İşleyen demir pas tutmaz (ışıldar): Tembel tembel oturan kimse hantallaşır, iş yapma yeteneğini yitirir, çalışan kimse gittikçe açılır, daha yararlı işler yapar.


İt ürür, kervan yürür: Gerçekleşmesi doğal olan işler engellenemez. (ürümek: Havlamak)


İti an, taşı eline al (çomağı hazırla): Saldırgan biriyle karşılaşma olasılığı bulunan kimse kavgaya hazır olmalıdır.


İtin (köpeğin) duası kabul (makbul) olsa(-ydı) gökten kemik yağar(-dı): Aşağılık kişinin istediği olsaydı dünya, yalnız kendisinin işine yarayan, başkalarını rahatsız eden şeylerle dolardı.
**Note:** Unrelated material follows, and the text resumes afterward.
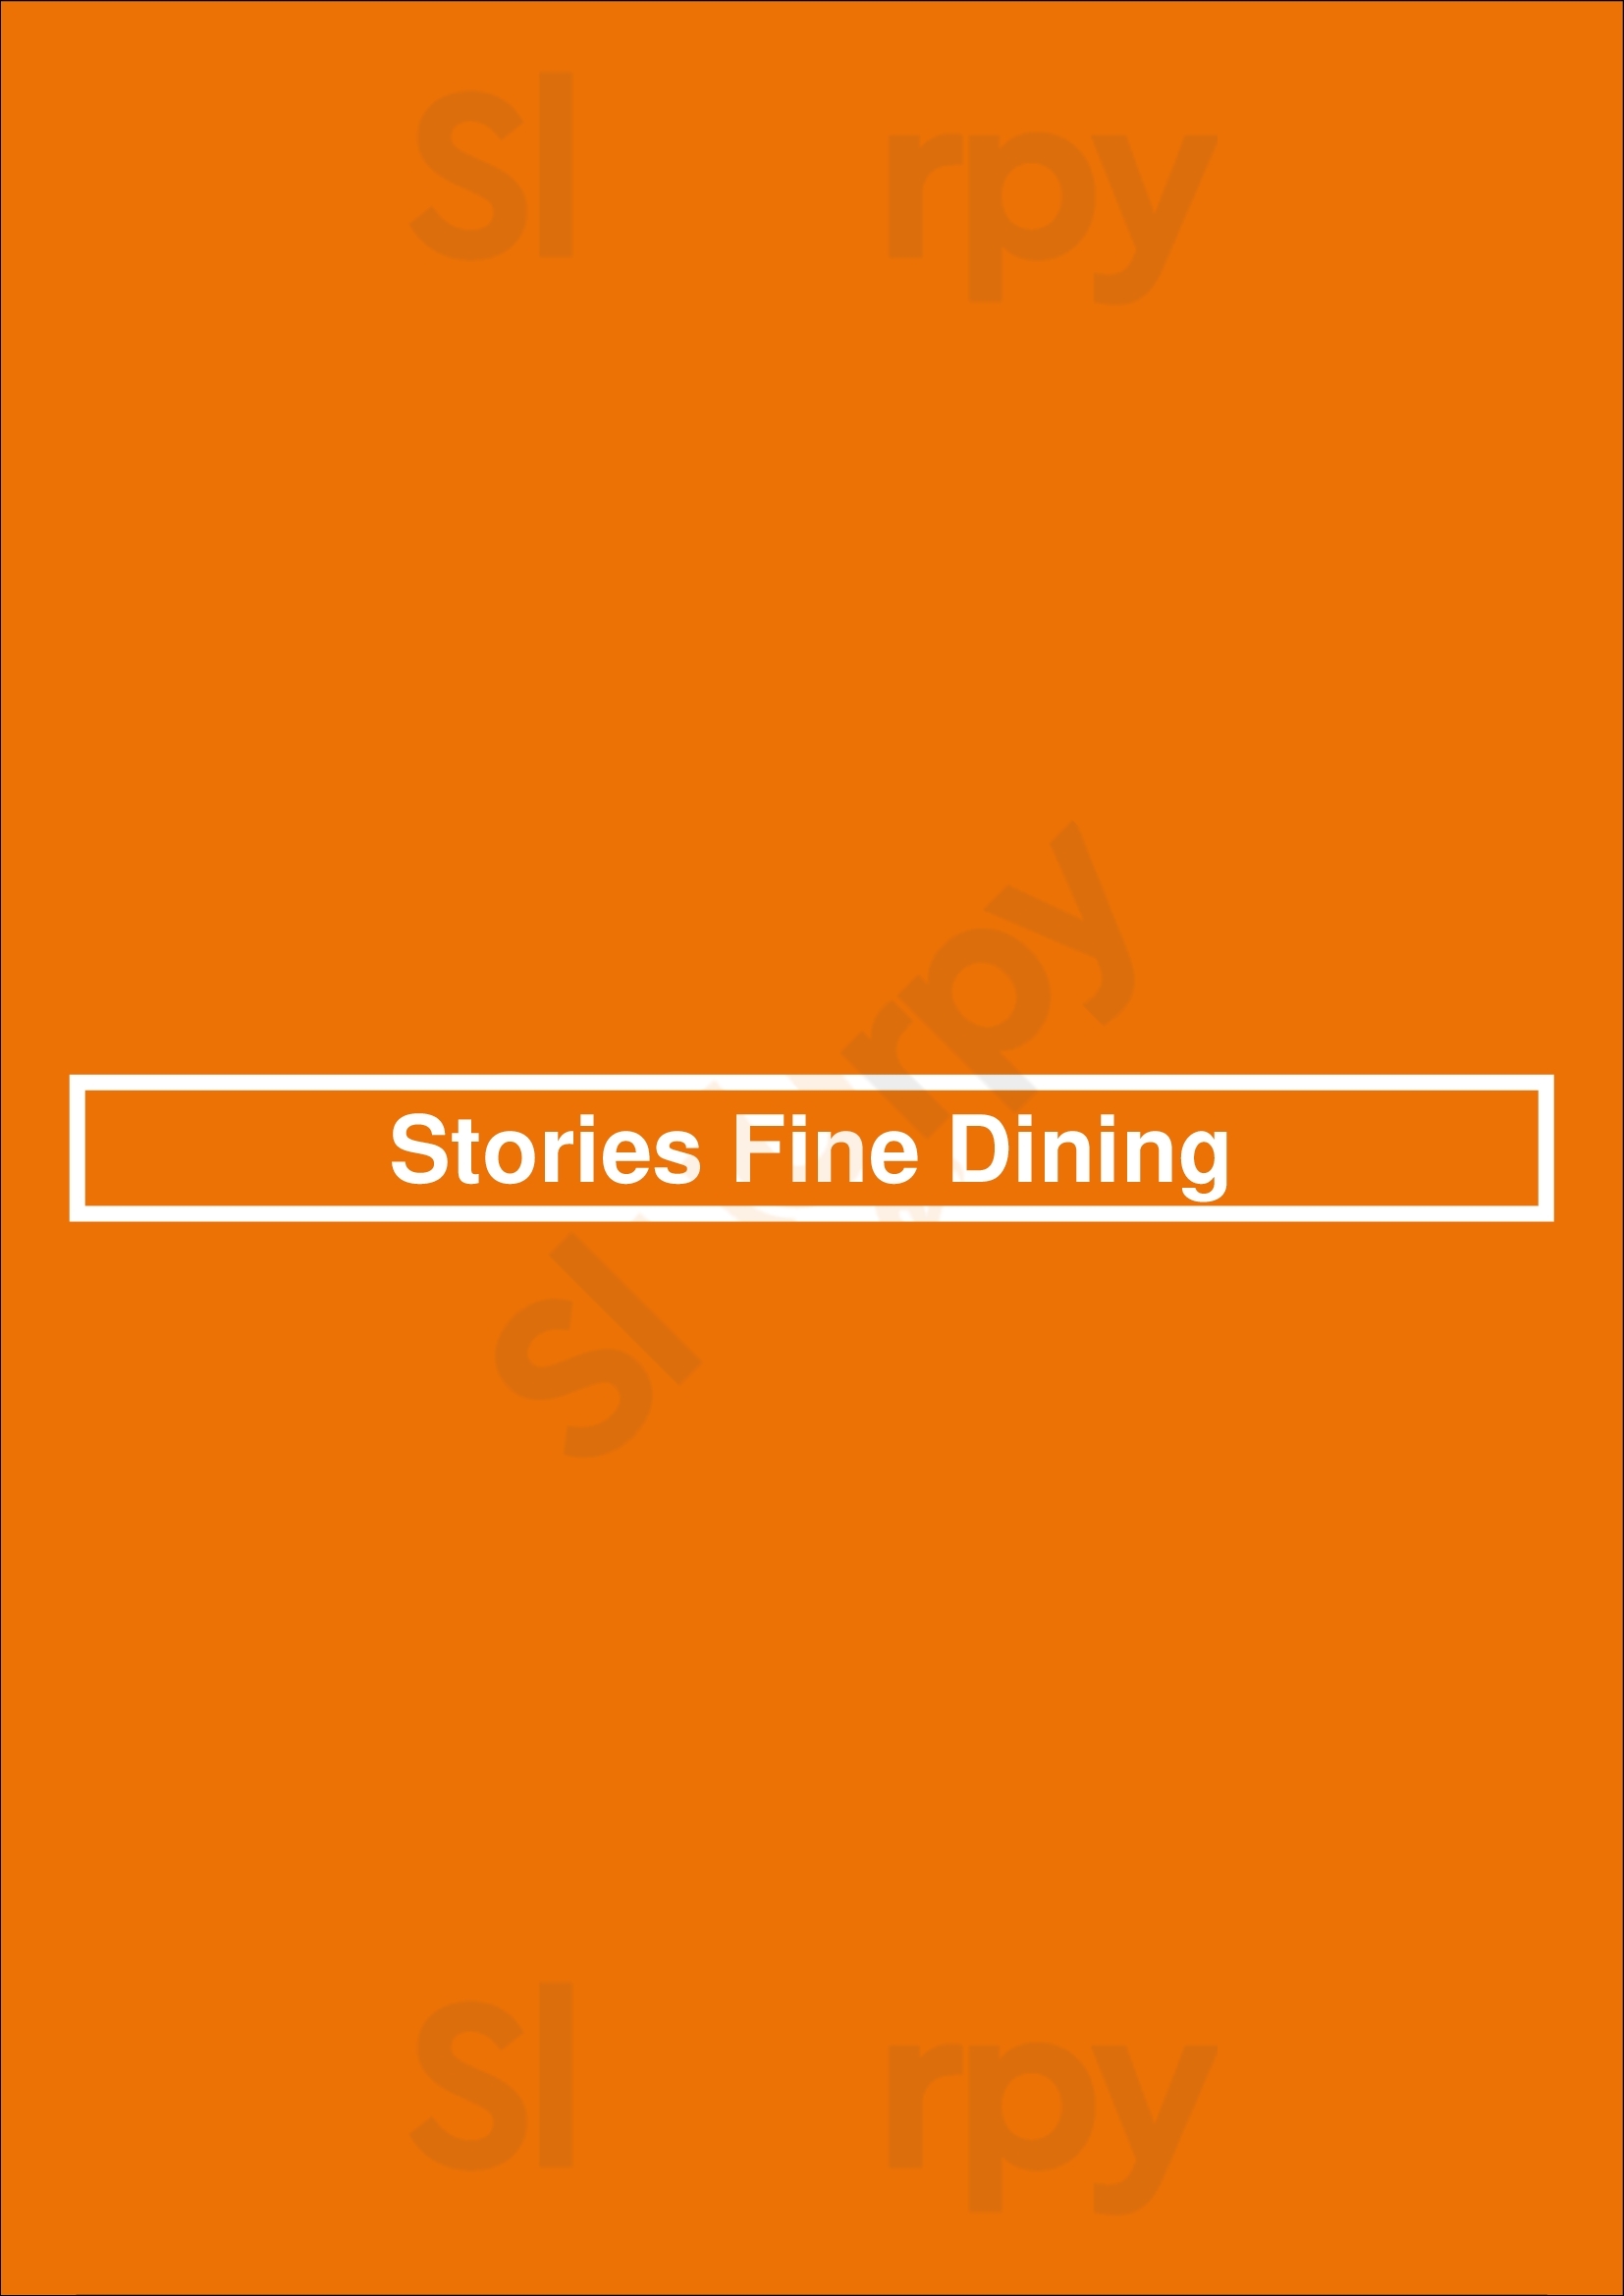 Stories Fine Dining Halifax Menu - 1

İtle yatan bitle kalkar: Değersiz, kötü kimselerle ilişki kuranlar kötü huylar edinirler.


İyi evlat babayı vezir, kötü evlat rezil eder: Babaya ün kazandıran da el içine çıkamayacak bir duruma düşüren de çocuklarının tutumlarıdır.


İyi gitmeyince kişinin işi, muhallebi yerken kırılır dişi: İnsanın işi bir kez ters gitmeye görsün, en sıradan işlerinde bile tersliklerle karşılaşır.


İyi insan sözünün üstüne gelir: Yokluğunda kendisinden söz edilen kimse, konuşmanın üzerine gelirse o iyi insandır, denilir.


İyi olacak hastanın, doktor ayağına gelir: Allah kötü bir durumun iyiliğe dönmesini dilemişse bunu yapacak kimse işin üstüne gelir.


İyiliğe iyilik her kişinin kârı, kötülüğe iyilik er kişinin kârı: İyiliğe karşı iyiliği herkes yapabilir, önemli olan kötülüğe karşı iyilik yapabilmektir.


İyilik eden iyilik bulur: İyilik eden kimseye zamanı geldiğinde başkaları da iyilikte bulunurlar.


İyilik et denize at, balık bilmezse Halik bilir: Karşılık beklemeden iyilik yap. İyilikte bulunduğun anlamasa da Allah bilir.